Les paroles de Dean résonnaient avec acuité dans l'esprit de Kevin alors que le jeune homme lui faisait face, ses doigts s'enfonçant avec force dans la poignée de son sac à dos pour tenter de contenir les larmes qui lui brûlaient le coin des yeux. Il ne s'était pas attendu à ce que le Winchester laisse tomber ses barrières ainsi sans prévenir, et était encore moins préparé aux mots profonds de sincérité qu'il venait d'entendre. Le chasseur blond ne discutait jamais sentiments, c'était l'apanage de Sam, et quand il y était forcé, c'était toujours avec maladresse et une ironie désabusée, prix d'une vie brisée par les épreuves et horreurs vécues. Ce n'était un secret pour personne que le plus âgé fuyait les conversations concernant ses émotions comme la peste, son jeune allié l'avait vite appris, bien souvent à la dure; et comme toute personne avec un minimum de sens de survie, il avait fini par abandonner la question.

Cependant, lors des rares fois où l'ainé des frères abandonnait son armure de dureté soigneusement construite et entretenue au fil des années afin de laisser réellement parler son cœur, il se révélait capable d'une empathie aussi forte que son cadet, et d'une sensibilité bien plus profonde qu'aucun étranger n'aurait pu croire au premier abord. Ces moments étaient aussi exceptionnels que les aurores boréales, mais lorsqu'ils survenaient, la violence des sentiments du guerrier submergeait ses interlocuteurs tel un retour de tsunami, et Kevin était en train d'en subir l'expérience. Les mots de Dean étaient simples et directs, ils venaient du plus profond de lui et c'était peut-être aussi ce qui bouleversait autant l'orphelin, tout autant que leur sens même. Oh, bien sûr, ce dernier se doutait qu'il avait de l'importance pour son interlocuteur: il se rappelait quand celui-ci avait viré mère poule pendant que le prophète traduisait avec acharnement la Tablette, et le soulagement évident sur son visage lors de leurs retrouvailles après que le prisonnier ait été sauvé par Metatron était réel. Mais malgré tout, l'ancien étudiant conservait ce goût amer dans sa bouche qu'il n'était qu'un être utile au duo, rien de plus. Un autre pion dans l'immense féroce partie d'échecs engagée entre les trois camps qu'étaient les Winchester, le Ciel et l'Enfer.
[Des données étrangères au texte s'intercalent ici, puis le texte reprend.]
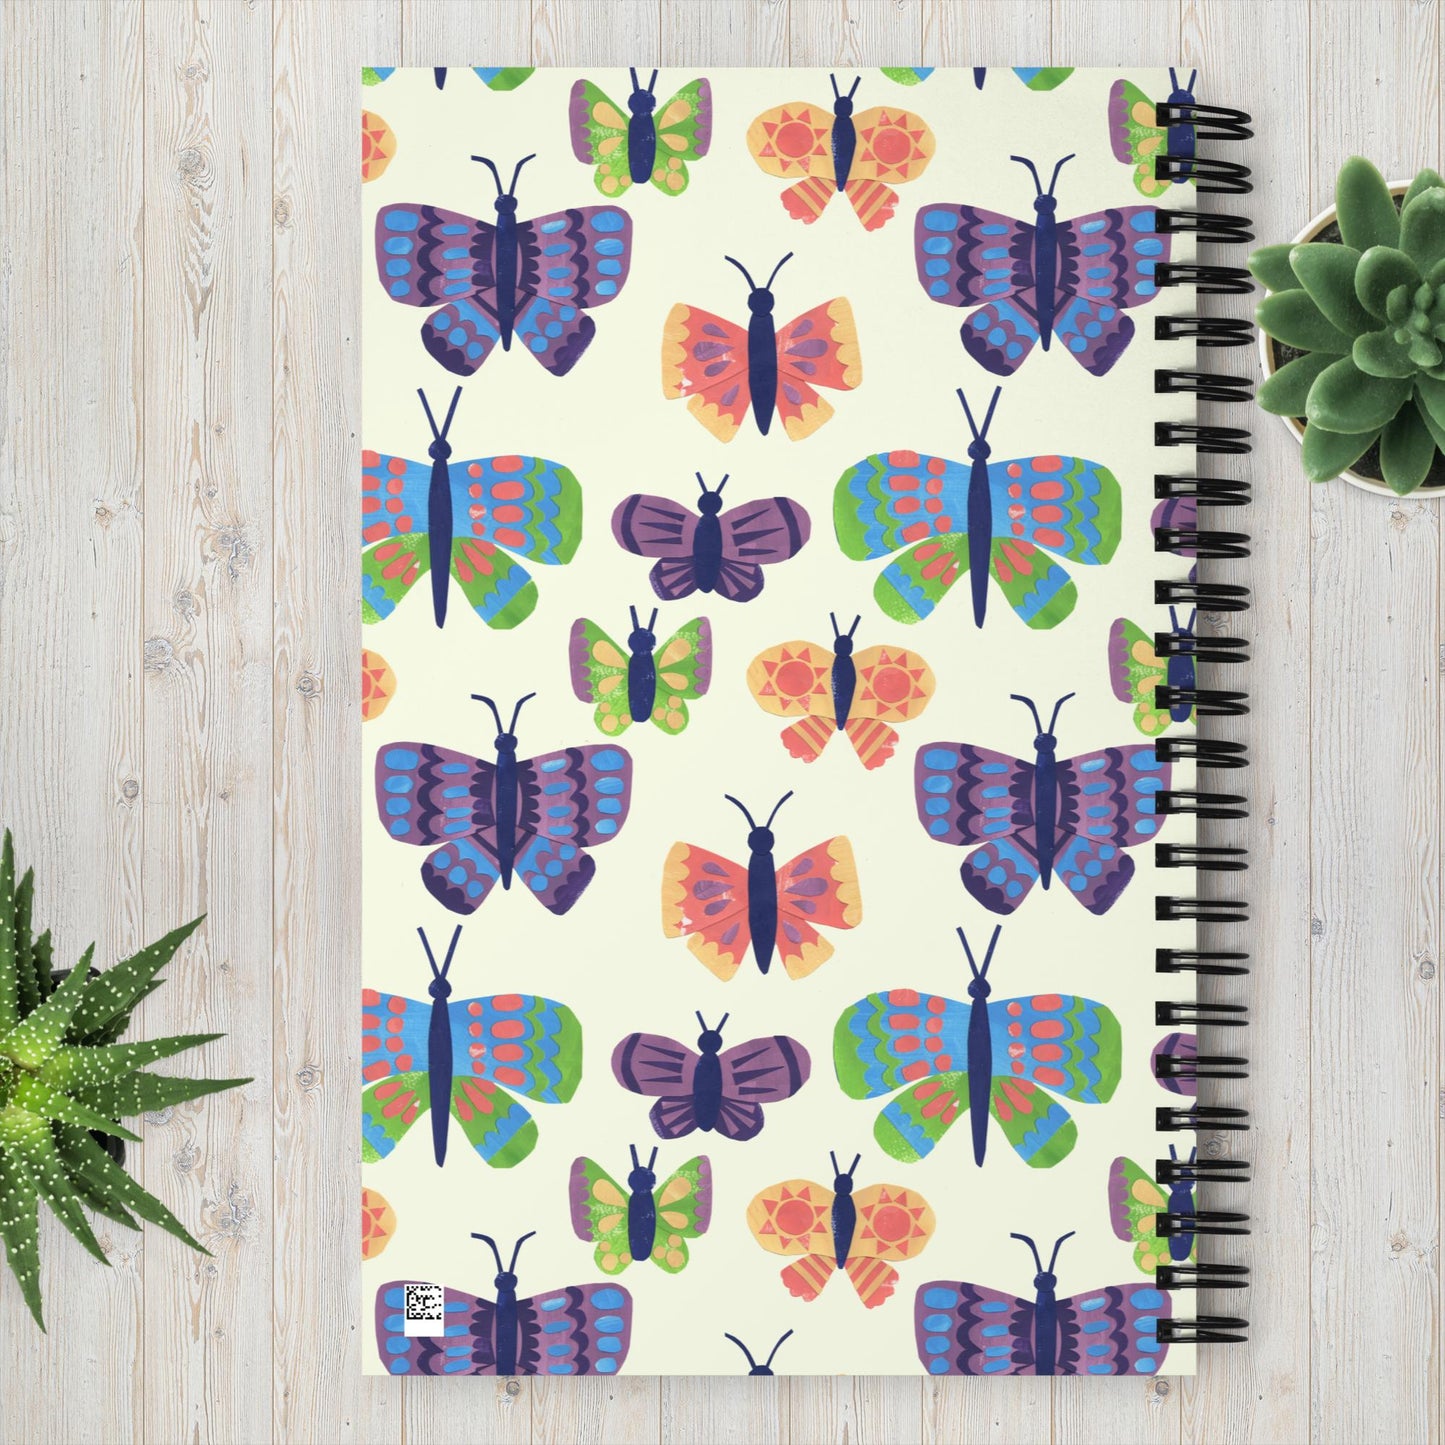 Colorful Butterflies Spiral notebook

Alors, oui, entendre le blond au cœur de fer admettre tout haut qu'il le considérait comme un membre à part entière de sa famille, au même titre que Sam ou Castiel, avait de quoi lui retourner les tripes et lui couper le souffle, remettant en question toutes ses résolutions de fuite. Crowley avait visé parfaitement juste quelques heures plus tôt en jouant sur sa peur de solitude, désormais encore plus justifiée par l'assassinat plus que probable de sa mère. La pensée revint le frapper une nouvelle fois en plein estomac, le meurtrissant autant que l'aurait fait une balle, et le jeune Asiatique eut bien du mal à ne pas vomir sous le poids de la douleur devenue de plus en plus insupportable au fil des jours que ce souvenir provoquait. Morte. Sa mère était morte, tout comme l'était Channing. Tous les siens étaient décédés, par sa faute. Il ne lui restait plus personne à laquelle s'accrocher, du moins c'est ce que le garçon pensait quelques instants auparavant. Lui qui était persuadé avoir tout perdu aurait-il trouvé une raison de rester dans cette demeure?

Ses yeux rouges de larmes vinrent croiser les pupilles étincelantes de tristesse de l'homme lui barrant le chemin. Leur vert d'ordinairement aussi clair que les feuilles des arbres en plein été avaient viré à une teinte plus terne, lui rappelant de manière frappante la mousse sombre sur les troncs durant l'automne. Toute joie semblait en avoir disparu alors qu'elles le fixaient, laissant transparaitre à la place la lassitude et le poids des combats qui habitaient leur propriétaire. Kevin fut saisi devant cette expression digne d'un soldat de retour de guerre. Dean avait seulement 36 ans, et pourtant il en semblait vingt de plus. Lui aussi, se rappela brusquement le prophète, avait vécu des deuils, trop de deuils. Il savait ce que c'était que de se faire arracher les êtres aimés sans pouvoir rien y faire, et de demeurer impuissant alors que les siens étaient massacrés devant ses yeux. L'ami de l'ange déchu ne connaissait par malheur que trop bien ce sentiment de culpabilité qui rongeait ceux demeurés en vie. Quand il lui avait dit comprendre sa colère et son envie de fuir, Kevin comprit soudainement qu'il était sincère, tout comme lorsqu'il lui avait affirmé que le plus jeune était un membre de sa famille. Le blond avait beaucoup de défauts, mais, se rappela son camarade d'armes forcé, il n'aurait jamais pris le risque de lui dévoiler ses émotions si celles-ci n'avaient pas été authentiques.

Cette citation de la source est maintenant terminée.